- What is being asked -
Check each line of the listing below for "Core" and state how many lines contain it, with no other words.

- Data for the task -

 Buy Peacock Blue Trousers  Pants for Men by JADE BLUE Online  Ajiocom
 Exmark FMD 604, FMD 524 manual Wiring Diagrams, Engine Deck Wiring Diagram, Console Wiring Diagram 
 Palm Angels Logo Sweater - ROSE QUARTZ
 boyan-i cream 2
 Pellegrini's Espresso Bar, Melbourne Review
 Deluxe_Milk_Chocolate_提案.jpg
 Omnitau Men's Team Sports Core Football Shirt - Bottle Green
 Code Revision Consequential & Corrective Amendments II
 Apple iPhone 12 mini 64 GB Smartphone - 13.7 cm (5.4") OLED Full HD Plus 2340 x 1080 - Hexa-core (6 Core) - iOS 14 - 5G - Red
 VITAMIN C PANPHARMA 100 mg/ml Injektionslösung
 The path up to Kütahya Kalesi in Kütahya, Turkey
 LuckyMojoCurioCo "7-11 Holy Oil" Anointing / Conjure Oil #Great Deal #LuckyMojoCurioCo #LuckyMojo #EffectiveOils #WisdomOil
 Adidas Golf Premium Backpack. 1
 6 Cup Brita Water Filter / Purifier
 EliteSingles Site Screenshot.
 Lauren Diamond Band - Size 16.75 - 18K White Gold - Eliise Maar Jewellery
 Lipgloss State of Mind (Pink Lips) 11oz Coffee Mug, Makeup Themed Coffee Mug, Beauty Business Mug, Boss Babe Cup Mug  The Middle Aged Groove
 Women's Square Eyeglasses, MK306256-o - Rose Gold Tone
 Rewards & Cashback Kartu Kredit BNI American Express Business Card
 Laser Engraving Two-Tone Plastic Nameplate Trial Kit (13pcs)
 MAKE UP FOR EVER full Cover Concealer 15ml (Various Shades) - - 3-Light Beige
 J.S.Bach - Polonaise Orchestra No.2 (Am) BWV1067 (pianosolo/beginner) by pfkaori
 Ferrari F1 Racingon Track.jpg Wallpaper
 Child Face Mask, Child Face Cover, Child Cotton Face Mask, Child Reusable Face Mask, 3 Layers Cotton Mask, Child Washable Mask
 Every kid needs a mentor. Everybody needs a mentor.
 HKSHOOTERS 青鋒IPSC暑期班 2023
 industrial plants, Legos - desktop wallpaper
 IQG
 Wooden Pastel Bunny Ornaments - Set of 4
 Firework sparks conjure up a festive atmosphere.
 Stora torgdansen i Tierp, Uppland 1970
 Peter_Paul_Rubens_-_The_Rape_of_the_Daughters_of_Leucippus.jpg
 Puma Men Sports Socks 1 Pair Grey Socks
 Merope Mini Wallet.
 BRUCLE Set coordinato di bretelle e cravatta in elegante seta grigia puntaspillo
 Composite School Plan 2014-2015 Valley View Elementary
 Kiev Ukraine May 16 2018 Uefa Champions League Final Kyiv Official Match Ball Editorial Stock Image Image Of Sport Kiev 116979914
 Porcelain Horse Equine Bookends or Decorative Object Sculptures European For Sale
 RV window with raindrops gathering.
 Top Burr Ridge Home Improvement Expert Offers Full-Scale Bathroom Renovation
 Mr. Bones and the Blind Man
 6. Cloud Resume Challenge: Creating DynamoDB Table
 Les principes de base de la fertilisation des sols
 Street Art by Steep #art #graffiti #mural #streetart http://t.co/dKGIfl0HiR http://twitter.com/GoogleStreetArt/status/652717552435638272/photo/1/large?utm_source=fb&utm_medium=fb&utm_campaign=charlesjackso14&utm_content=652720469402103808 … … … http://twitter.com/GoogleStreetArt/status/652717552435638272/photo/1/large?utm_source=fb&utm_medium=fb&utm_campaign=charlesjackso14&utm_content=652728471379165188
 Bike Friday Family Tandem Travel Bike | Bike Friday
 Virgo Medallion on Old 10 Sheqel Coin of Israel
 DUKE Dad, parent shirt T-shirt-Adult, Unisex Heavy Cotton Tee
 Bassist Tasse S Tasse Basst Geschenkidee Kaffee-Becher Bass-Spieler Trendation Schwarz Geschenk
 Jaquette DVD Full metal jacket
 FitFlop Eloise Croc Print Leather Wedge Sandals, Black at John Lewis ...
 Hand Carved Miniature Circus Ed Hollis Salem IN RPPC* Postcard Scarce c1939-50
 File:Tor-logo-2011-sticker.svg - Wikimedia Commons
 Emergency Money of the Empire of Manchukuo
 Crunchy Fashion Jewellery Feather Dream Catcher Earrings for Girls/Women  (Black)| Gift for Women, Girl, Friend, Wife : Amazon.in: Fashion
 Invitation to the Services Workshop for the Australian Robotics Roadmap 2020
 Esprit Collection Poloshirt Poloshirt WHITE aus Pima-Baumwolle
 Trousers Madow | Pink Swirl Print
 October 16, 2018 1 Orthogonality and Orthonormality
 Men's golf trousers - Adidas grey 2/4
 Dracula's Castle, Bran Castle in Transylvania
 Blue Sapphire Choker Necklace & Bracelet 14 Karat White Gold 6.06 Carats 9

- Answer section -
2